--- Exercise materials ---

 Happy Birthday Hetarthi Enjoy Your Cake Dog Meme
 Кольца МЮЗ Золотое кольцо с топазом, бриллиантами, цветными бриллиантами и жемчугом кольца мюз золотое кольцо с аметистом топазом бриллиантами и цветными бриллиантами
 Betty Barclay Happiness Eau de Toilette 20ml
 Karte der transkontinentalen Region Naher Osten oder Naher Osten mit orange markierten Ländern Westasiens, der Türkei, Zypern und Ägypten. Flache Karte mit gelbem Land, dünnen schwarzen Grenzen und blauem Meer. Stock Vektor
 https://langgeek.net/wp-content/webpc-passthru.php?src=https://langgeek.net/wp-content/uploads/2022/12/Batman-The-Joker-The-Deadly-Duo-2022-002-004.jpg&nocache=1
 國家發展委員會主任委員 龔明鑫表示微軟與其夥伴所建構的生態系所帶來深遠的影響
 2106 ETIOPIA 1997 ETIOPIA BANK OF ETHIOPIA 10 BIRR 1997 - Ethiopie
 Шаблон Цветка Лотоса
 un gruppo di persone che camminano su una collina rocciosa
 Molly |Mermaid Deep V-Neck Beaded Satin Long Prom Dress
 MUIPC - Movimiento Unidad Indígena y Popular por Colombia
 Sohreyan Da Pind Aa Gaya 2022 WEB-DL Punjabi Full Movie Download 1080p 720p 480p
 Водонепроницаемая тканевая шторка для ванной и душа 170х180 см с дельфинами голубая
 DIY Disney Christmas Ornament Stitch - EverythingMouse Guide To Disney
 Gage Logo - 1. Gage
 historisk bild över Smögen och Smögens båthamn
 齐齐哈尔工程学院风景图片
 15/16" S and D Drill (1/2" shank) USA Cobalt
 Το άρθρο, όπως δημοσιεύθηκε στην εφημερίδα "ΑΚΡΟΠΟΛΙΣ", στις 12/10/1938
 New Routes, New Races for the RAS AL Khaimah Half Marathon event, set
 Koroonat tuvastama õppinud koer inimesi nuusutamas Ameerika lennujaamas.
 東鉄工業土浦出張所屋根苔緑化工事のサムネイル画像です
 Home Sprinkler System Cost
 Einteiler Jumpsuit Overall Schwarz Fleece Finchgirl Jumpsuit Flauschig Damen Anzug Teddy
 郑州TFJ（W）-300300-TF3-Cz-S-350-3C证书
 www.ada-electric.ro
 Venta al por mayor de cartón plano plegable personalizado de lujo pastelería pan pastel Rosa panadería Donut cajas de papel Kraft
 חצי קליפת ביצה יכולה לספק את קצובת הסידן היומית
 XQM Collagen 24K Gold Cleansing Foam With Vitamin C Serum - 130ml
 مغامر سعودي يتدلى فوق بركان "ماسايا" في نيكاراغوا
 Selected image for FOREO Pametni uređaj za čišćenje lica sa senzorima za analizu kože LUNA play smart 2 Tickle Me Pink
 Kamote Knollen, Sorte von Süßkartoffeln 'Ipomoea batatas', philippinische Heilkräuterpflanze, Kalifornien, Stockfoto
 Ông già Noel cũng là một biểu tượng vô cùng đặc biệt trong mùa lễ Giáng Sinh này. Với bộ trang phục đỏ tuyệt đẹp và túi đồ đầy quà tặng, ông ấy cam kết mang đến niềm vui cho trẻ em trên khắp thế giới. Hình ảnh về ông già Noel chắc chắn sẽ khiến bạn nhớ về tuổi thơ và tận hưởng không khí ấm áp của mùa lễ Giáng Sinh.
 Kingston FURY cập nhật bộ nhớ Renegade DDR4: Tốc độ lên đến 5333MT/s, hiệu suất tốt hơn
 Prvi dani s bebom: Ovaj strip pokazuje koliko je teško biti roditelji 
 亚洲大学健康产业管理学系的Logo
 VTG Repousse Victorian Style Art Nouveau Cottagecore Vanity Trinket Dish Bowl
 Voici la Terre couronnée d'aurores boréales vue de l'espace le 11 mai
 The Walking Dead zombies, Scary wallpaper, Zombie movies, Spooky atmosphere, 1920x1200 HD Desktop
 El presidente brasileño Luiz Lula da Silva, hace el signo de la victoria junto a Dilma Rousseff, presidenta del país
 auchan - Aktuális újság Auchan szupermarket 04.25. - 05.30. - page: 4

---

§ **Required work**
Reproduce only the lines running from the one with "חצי קליפת ביצה" through the final line of the listing above, both ends included.

§ **Solution for this problem**
 חצי קליפת ביצה יכולה לספק את קצובת הסידן היומית
 XQM Collagen 24K Gold Cleansing Foam With Vitamin C Serum - 130ml
 مغامر سعودي يتدلى فوق بركان "ماسايا" في نيكاراغوا
 Selected image for FOREO Pametni uređaj za čišćenje lica sa senzorima za analizu kože LUNA play smart 2 Tickle Me Pink
 Kamote Knollen, Sorte von Süßkartoffeln 'Ipomoea batatas', philippinische Heilkräuterpflanze, Kalifornien, Stockfoto
 Ông già Noel cũng là một biểu tượng vô cùng đặc biệt trong mùa lễ Giáng Sinh này. Với bộ trang phục đỏ tuyệt đẹp và túi đồ đầy quà tặng, ông ấy cam kết mang đến niềm vui cho trẻ em trên khắp thế giới. Hình ảnh về ông già Noel chắc chắn sẽ khiến bạn nhớ về tuổi thơ và tận hưởng không khí ấm áp của mùa lễ Giáng Sinh.
 Kingston FURY cập nhật bộ nhớ Renegade DDR4: Tốc độ lên đến 5333MT/s, hiệu suất tốt hơn
 Prvi dani s bebom: Ovaj strip pokazuje koliko je teško biti roditelji 
 亚洲大学健康产业管理学系的Logo
 VTG Repousse Victorian Style Art Nouveau Cottagecore Vanity Trinket Dish Bowl
 Voici la Terre couronnée d'aurores boréales vue de l'espace le 11 mai
 The Walking Dead zombies, Scary wallpaper, Zombie movies, Spooky atmosphere, 1920x1200 HD Desktop
 El presidente brasileño Luiz Lula da Silva, hace el signo de la victoria junto a Dilma Rousseff, presidenta del país
 auchan - Aktuális újság Auchan szupermarket 04.25. - 05.30. - page: 4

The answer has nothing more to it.